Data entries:
- Opening Delimiter -
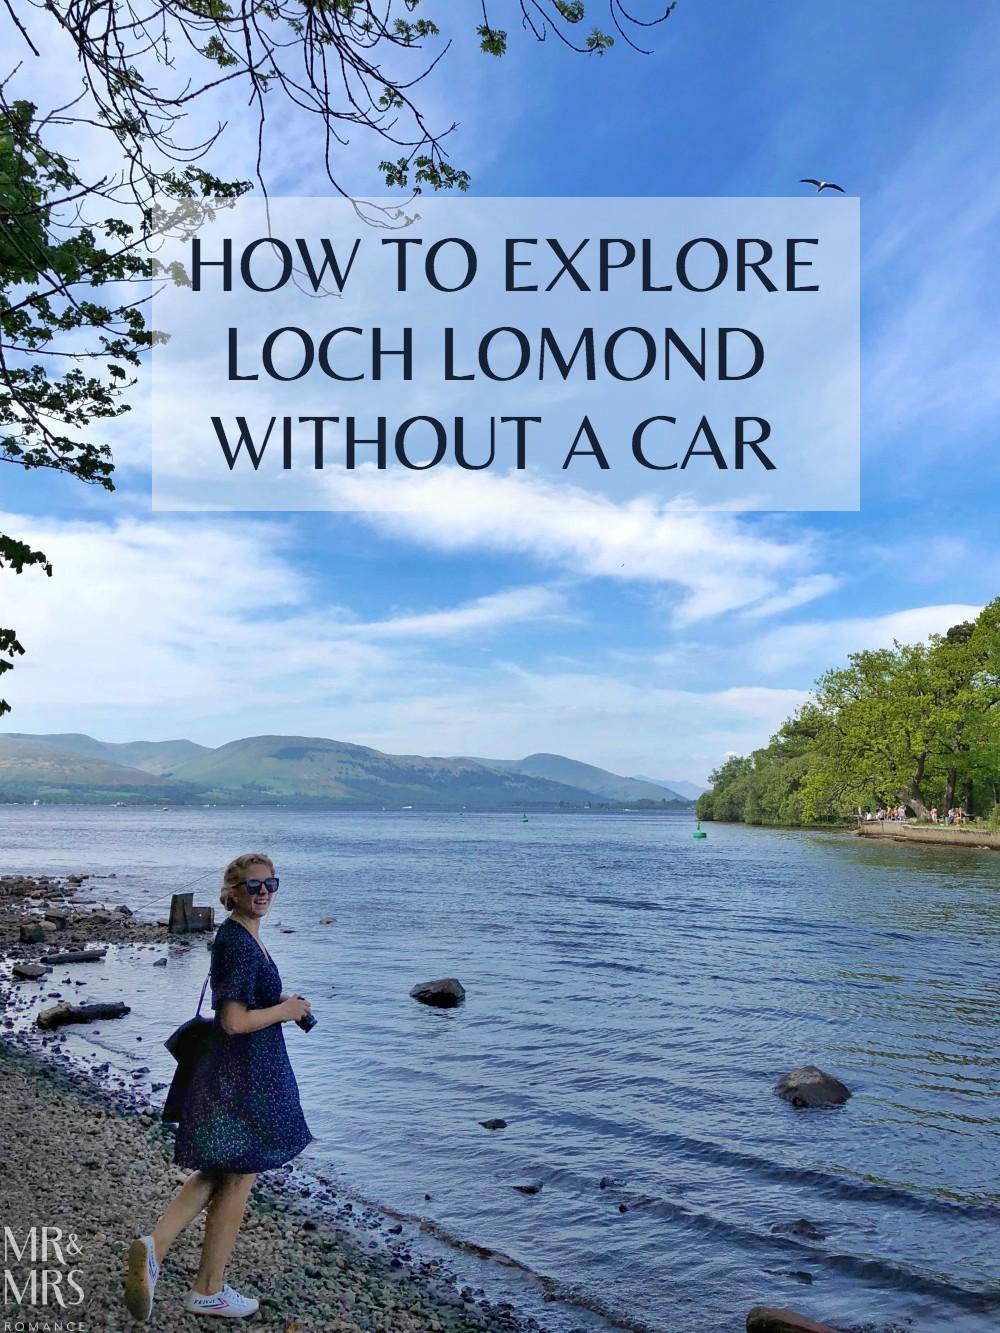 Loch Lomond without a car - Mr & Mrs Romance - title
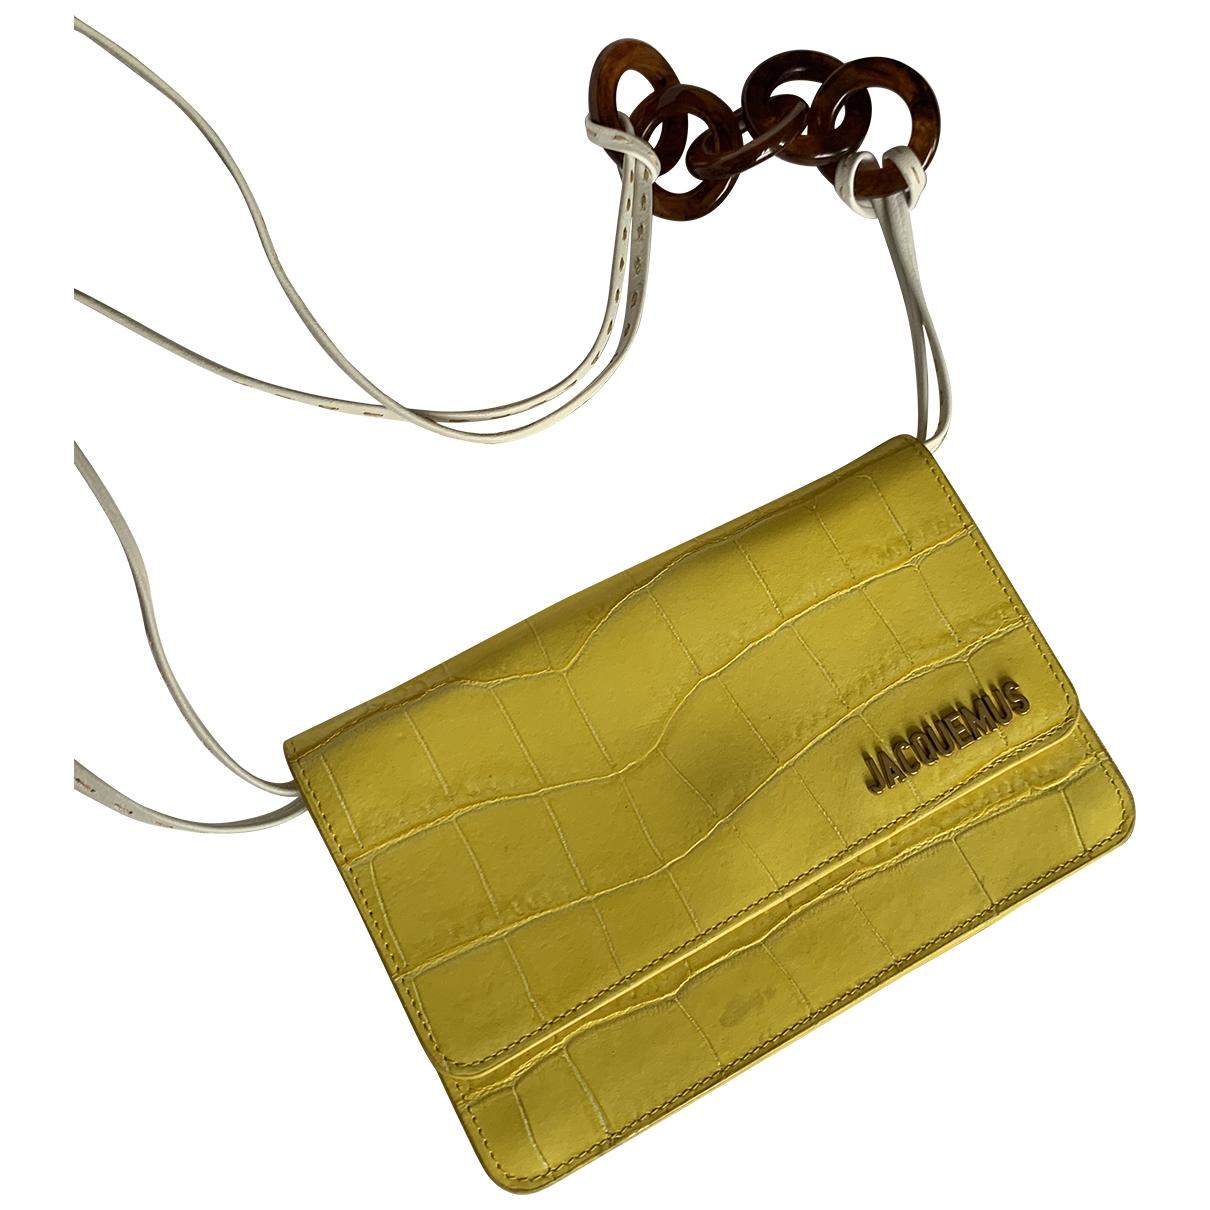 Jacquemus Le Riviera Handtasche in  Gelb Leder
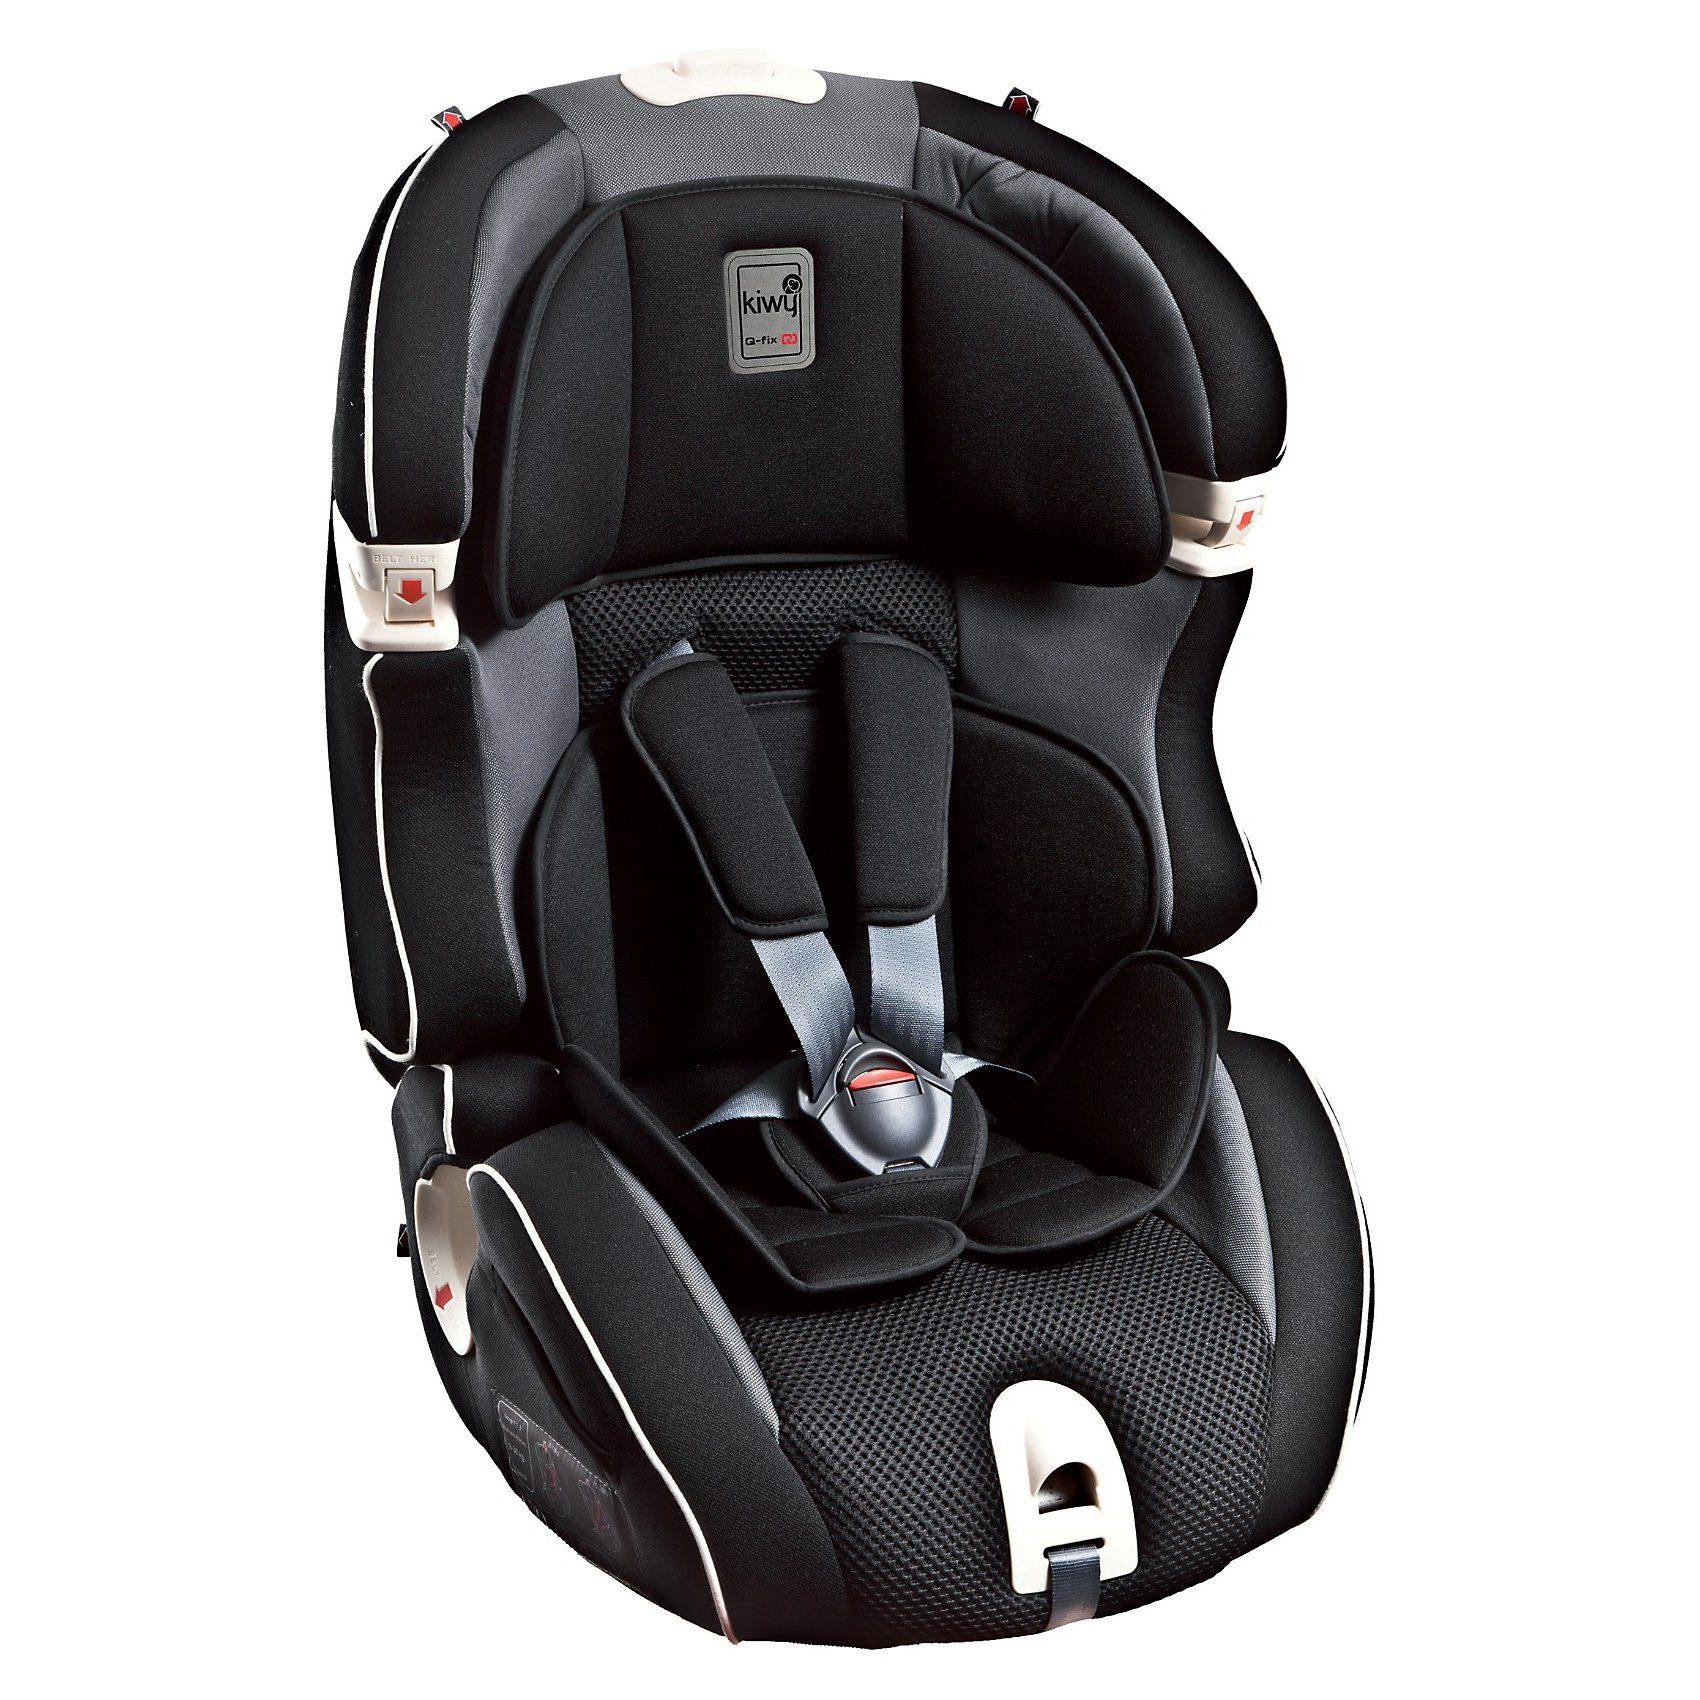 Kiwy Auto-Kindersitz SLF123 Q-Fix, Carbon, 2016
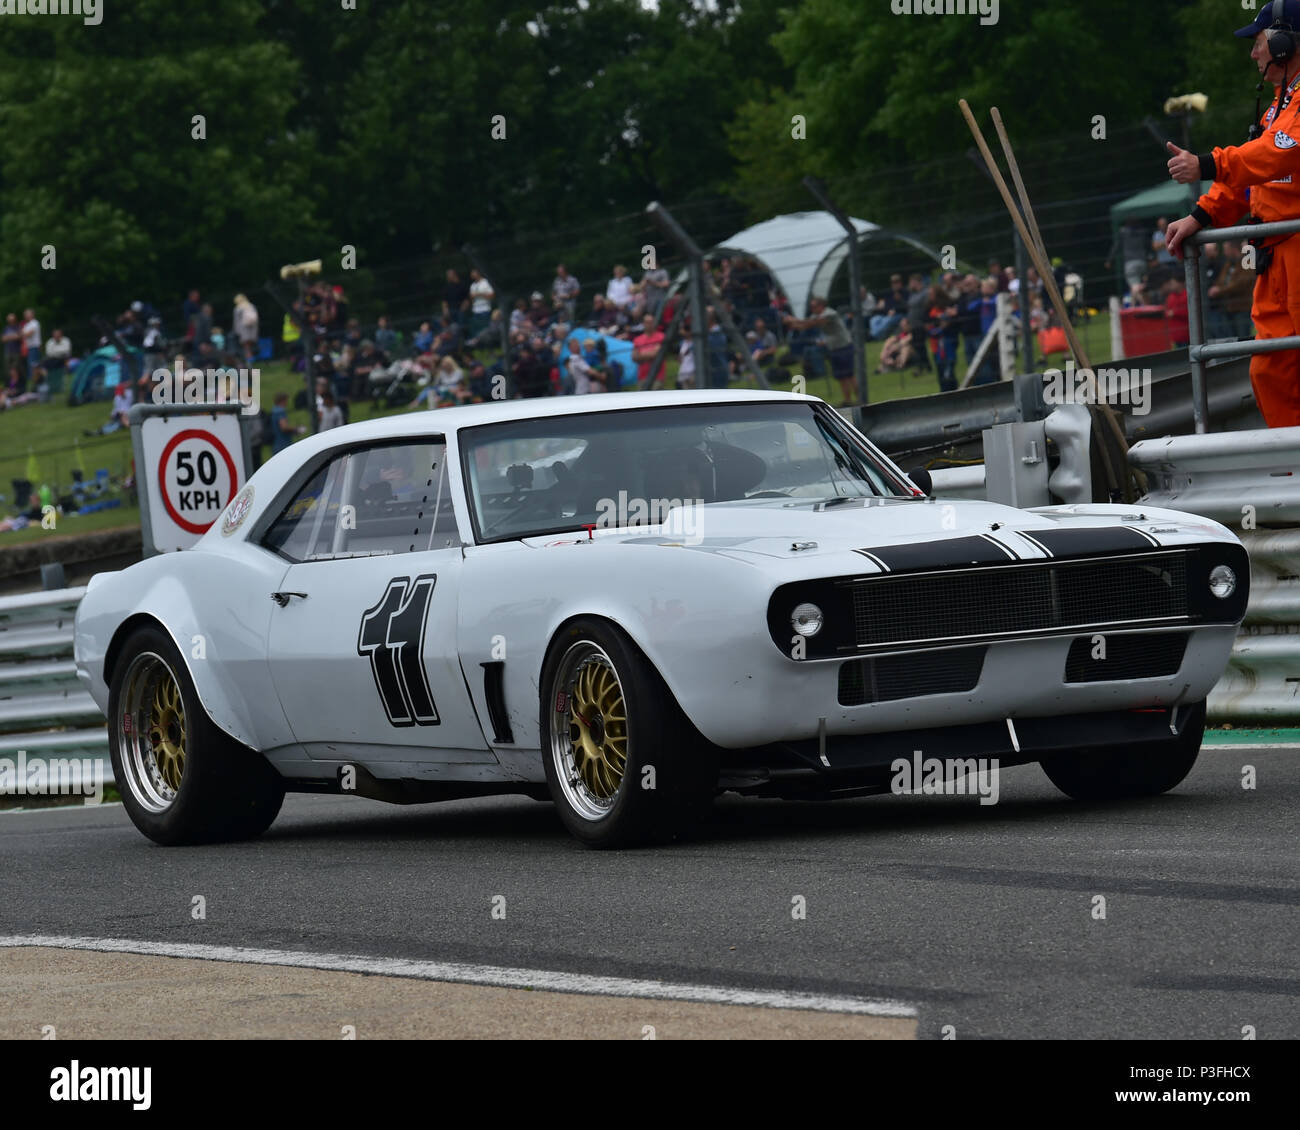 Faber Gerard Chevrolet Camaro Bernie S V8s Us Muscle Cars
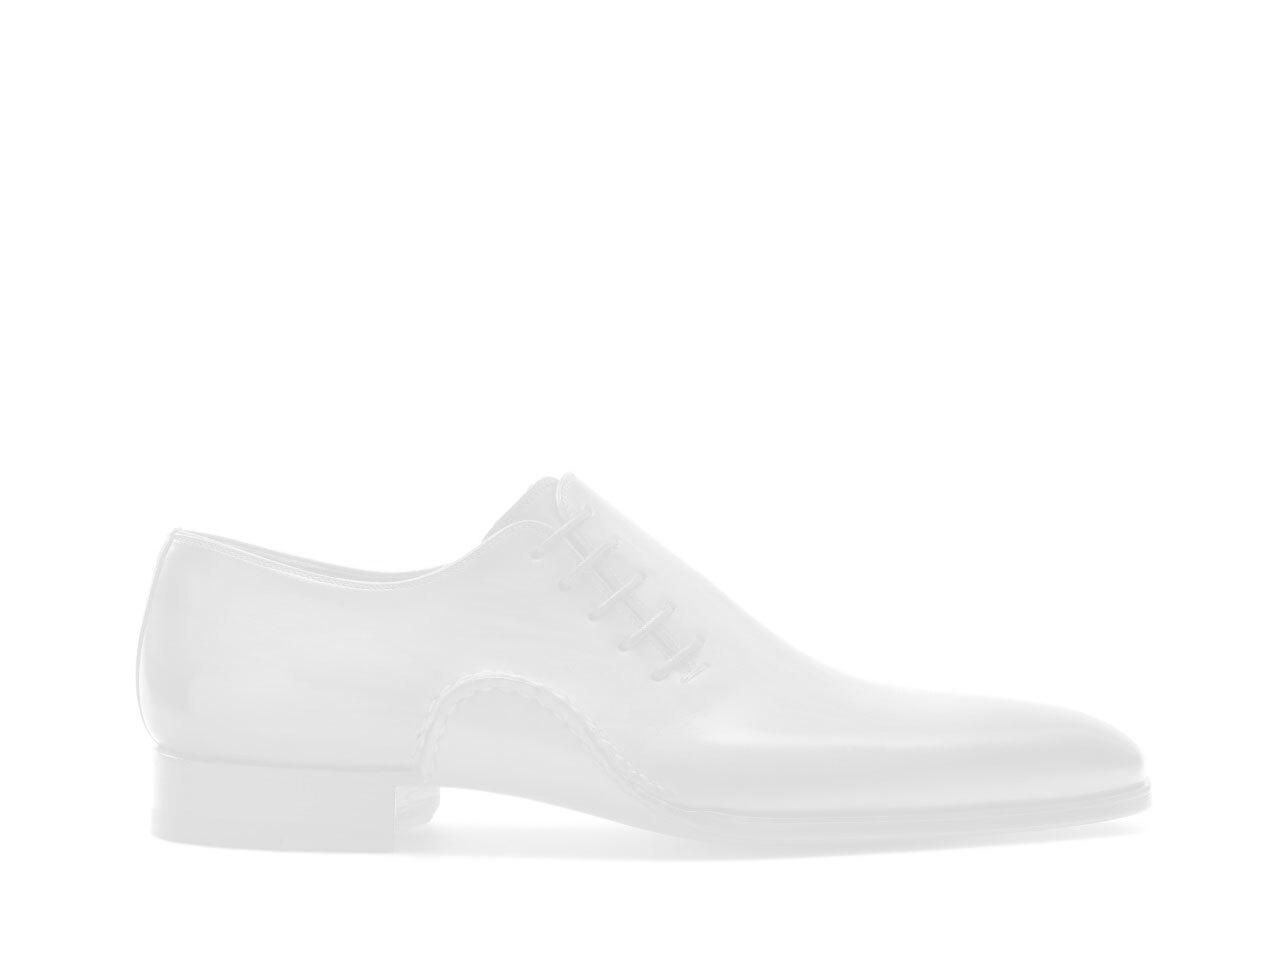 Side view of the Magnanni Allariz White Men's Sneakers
- Closing Delimiter -
◆ **WHAT TO WORK ON**: Hand back exactly the lines from the one with "Faber Gerard Chevrolet" through the last line of the data above, both ends included, with every picture left out.

◆ **SOLUTION TO THIS PROBLEM**:
 Faber Gerard Chevrolet Camaro Bernie S V8s Us Muscle Cars
 Side view of the Magnanni Allariz White Men's Sneakers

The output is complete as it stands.